Filed by Old National Bancorp
Pursuant to Rule 425 under
the Securities Act of 1933
Subject Company: Old National
Bancorp - Heritage Financial
Services, Inc. and ANB Corporation
Commission File No. 0-10888
SUBJECT: OLD NATIONAL BANCORP ANNNOUNCES FEDERAL RESERVE BOARD
APPROVALS FOR ACQUISITIONS OF HERITAGE FINANCIAL
SERVICES AND ANB CORPORATION
RELEASE DATE: February 8, 2000
FOR FURTHER INFORMATION CALL: John S. Poelker - 812-464-1266
Executive Vice President
Chief Financial Officer
Jeffrey L. Knight - 812-464-1363
Corporate Secretary and General
Counsel
(Evansville, Indiana) -- On January 27, 2000, Old National
Bancorp, Inc. [NASDAQ: OLDB] received approval from the Federal
Reserve Board for the acquisitions of Heritage Financial
Services, Inc. in Clarksville, Tennessee, and ANB Corporation in
Muncie, Indiana [NASDAQ: ANBC].
The Heritage Financial Services shareholders' meeting will be
held on February 28, 2000, and assuming that state regulatory and
shareholder approvals are received, and the other conditions
outlined in the merger agreement are met, the transaction is
expected to close on March 1, 2000.
The ANB Corporation shareholders' meeting will be held on March
10, 2000, and assuming that state regulatory and shareholder
approvals are received, and the other conditions outlined in the
merger agreement are met, the transaction is expected to close on
March 10, 2000.
The necessary state regulatory approvals are expected in time to
allow the transactions to close as expected.

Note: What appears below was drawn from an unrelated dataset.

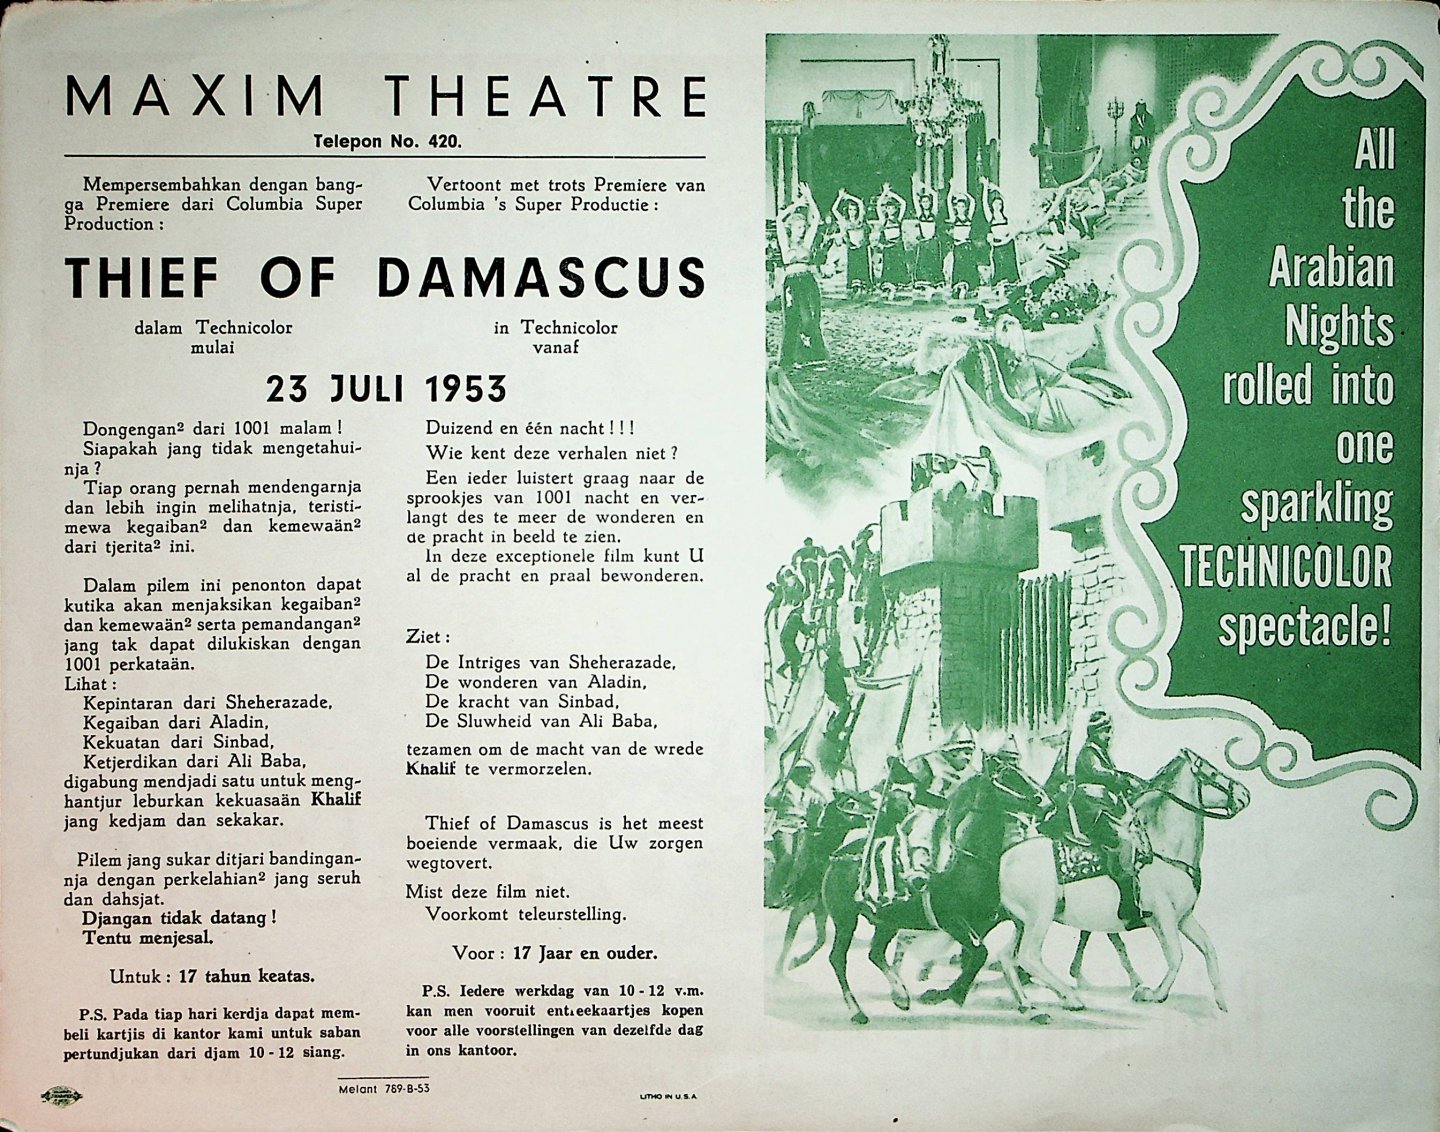 Thief of Damascus - [Affiche voor de filmvertoning van de Amerikaanse film "Thief of Damascus" in het Maxim Theatre in Bogor vanaf 23 Juli 1953]

Statements in this press release which express "belief",
"intention", or "expectation", as well as other statements which
are not historical fact, are forward-looking statements within
the meaning of the Private Securities Litigation Reform Act of
1995 and are subject to certain risks and uncertainties which may
cause actual results to differ materially. Among the risks and
uncertainties that could cause actual results to vary materially
are: (1) failure to obtain necessary shareholder approval of the
transactions, (2) failure to obtain necessary state regulatory
approval of the transactions, (3) necessary conditions in the
merger agreement not being satisfied, and (4) the occurrence or
existence of any facts or circumstances which would allow any
party to the merger agreement to terminate the merger agreement.
Investors are urged to read the important information regarding
the transactions which have been disclosed in registration
statements filed by Old National, Heritage and ANB with the SEC.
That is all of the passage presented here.